「オルタナティブ」とか「カウンター」として、いままで捉えられていたものが、「国際的なアジェンダ」としてセットされて、メインカルチャーとして浸透していく…。2020年は、まさにそうした、新しい基準とか価値観への移行がはじまる年となるでしょう。ーーNEW STANDARD株式会社の久志尚太郎氏による寄稿。
本記事は、NEW STANDARD株式会社の代表取締役社長を務める、久志尚太郎氏による寄稿コラムとなります。
「オルタナティブ」や「カウンター」としていままで捉えられていたものが、「国際的なアジェンダ」としてセットされて、私たちのライフスタイルにメインカルチャーとして浸透していく。2020年は、まさにそうした新しい基準や価値観への移行が顕著になるでしょう。
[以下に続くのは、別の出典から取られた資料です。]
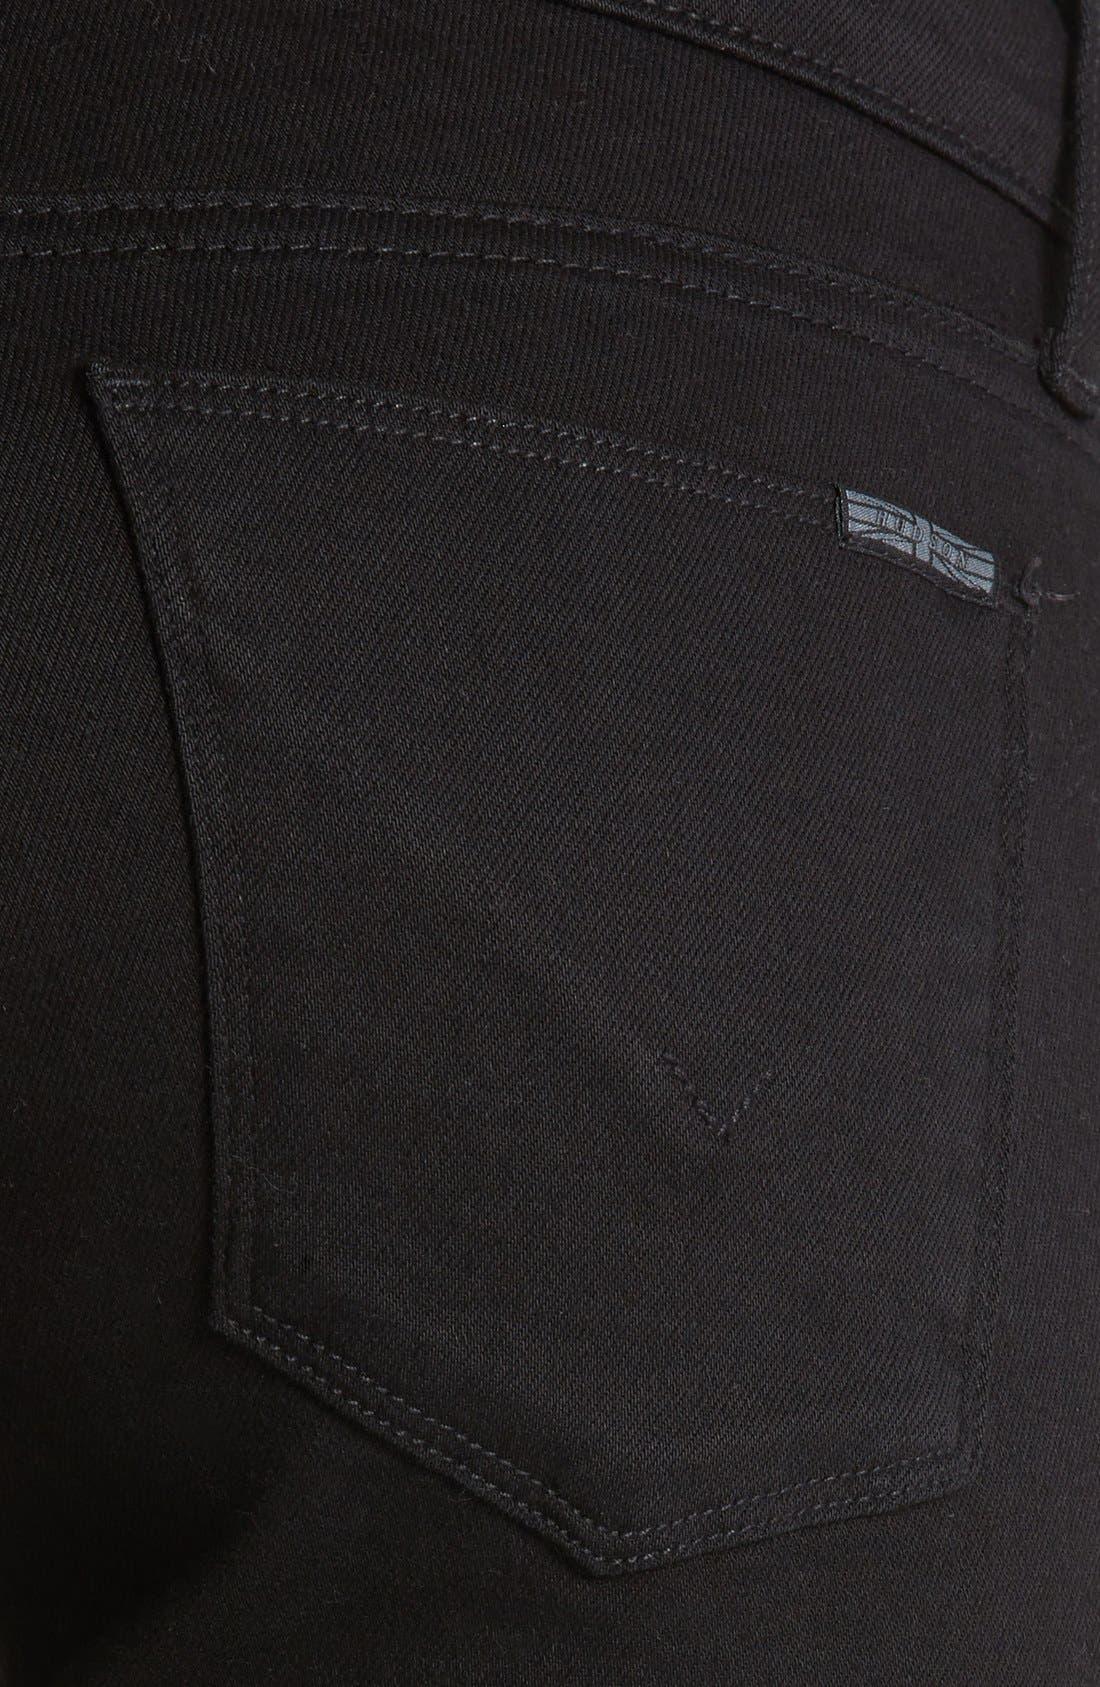 Alternate Image 3  - Hudson Jeans 'Krista Supermodel' Skinny Jeans (Black)

それを象徴する言葉のひとつが、「SDGs(Sustainable Development Goals)」。さらに、テクノロジー的な側面としては「5G」や「AI」、マーケティングや経営の観点からは「OMO(Online Merges with Offline)」や「CX(Customer Experience)」、「D2C(Direct to Consumer)/DNVB(Digital Native Vertical Brand)」などが、これまで以上に欠かせない当たり前のキーワードとなると思います。2020年以降、これらを巡って大きな変化が訪れる。
ただしこの変化は、一気に雪崩を打って、引き起こされるようなものではありません。今後5年から10年くらいをかけてじわじわと、しかし確実に変わっていくものでしょう。完全に移行した段階で、「全然違った時代になったよね」というように捉えられる変化です。つまり、基準や価値観が変わってしまうのです。2019年は日本にとっては、SDGs経営元年でした。そして2020年は、ブランドやコミュニケーションを通じて、時代のアイデンティティとして新しい基準や価値観が、私たちのライフスタイルに浸透しはじめます。当社もグローバルでの変化を背景に、国内での需要の高まりから、SDGsをブランドアイデンティやコミュニケーションコンセプトに活かすための、レポート&ワークショップの販売を2020年1月より開始しました。
このビッグウェーブの予兆を捉えて、いかに乗りこなしていくか。それが、2020年のマーケターに求められる戦略になるはずです。その際、適切な判断を下すために、次の5つの視点は欠かせないものとなると思います。
1. 「分断の時代」の意味を見直し、ビジョンを打ち出す
いまは「分断の時代」とよく言われています。でも、実はその表現は、間違っていると思います。なぜなら、もともと分断されていたから。それが、テクノロジーの進化によって、可視化されただけだと思うんです。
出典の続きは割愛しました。